#### RECORDED DATA:
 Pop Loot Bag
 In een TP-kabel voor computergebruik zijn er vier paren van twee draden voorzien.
* * *
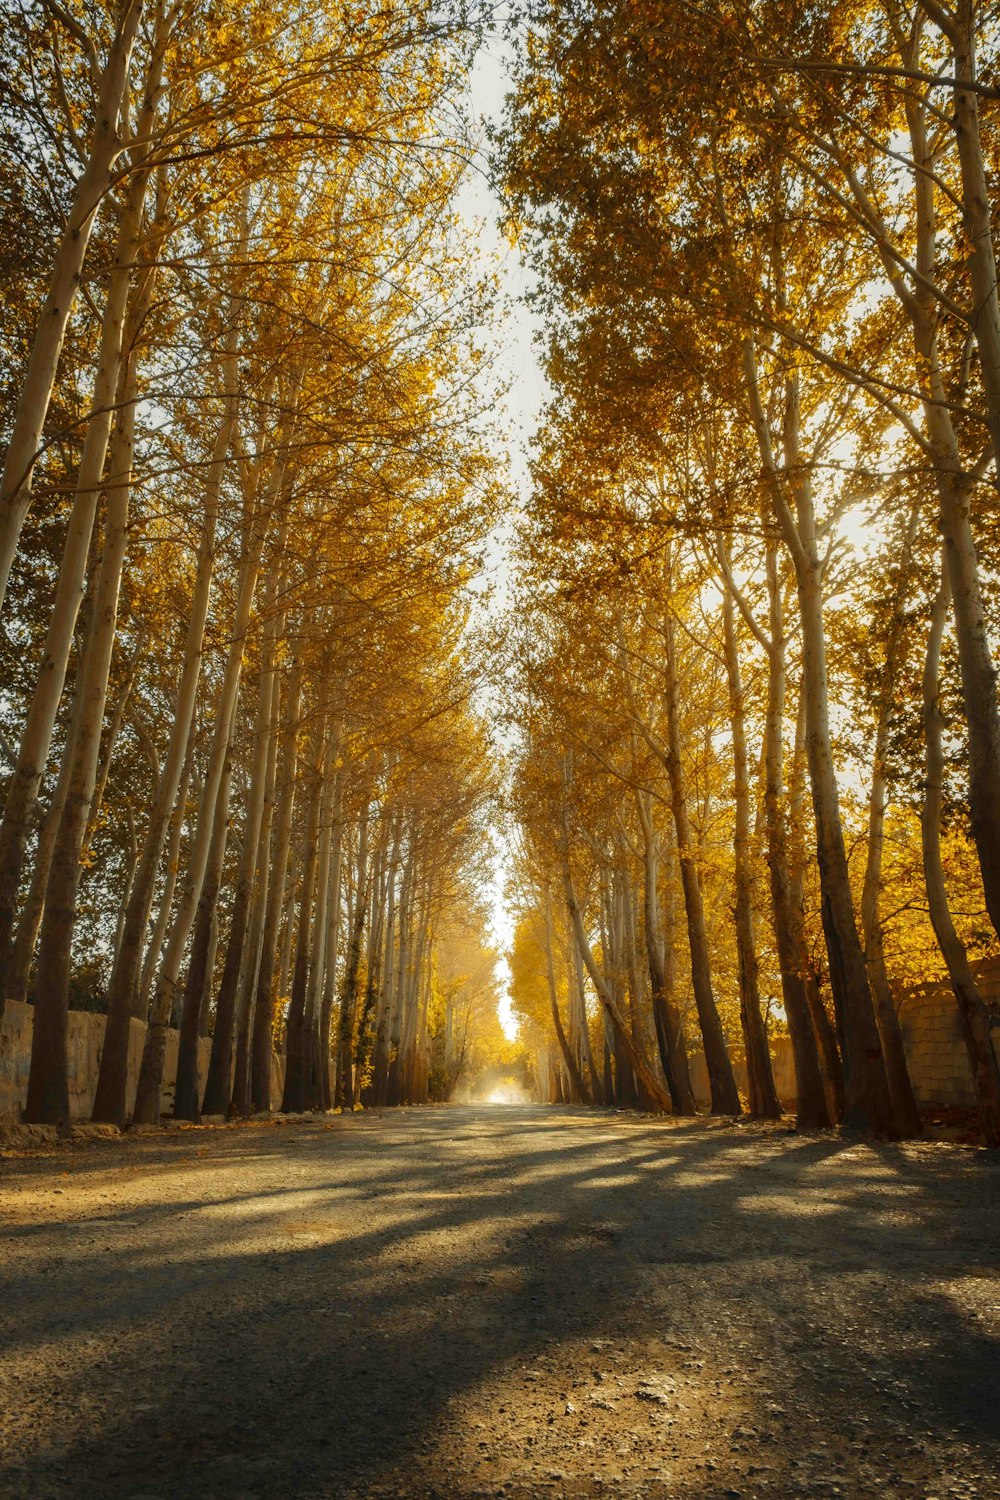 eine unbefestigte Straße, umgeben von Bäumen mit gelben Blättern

#### TASK REQUIREMENTS:
Restate word for word only the lines above from the line containing "Pop Loot Bag" to the line containing "In een TP-kabel", both of them included.

#### RESULT FOR THIS TASK:
 Pop Loot Bag
 In een TP-kabel voor computergebruik zijn er vier paren van twee draden voorzien.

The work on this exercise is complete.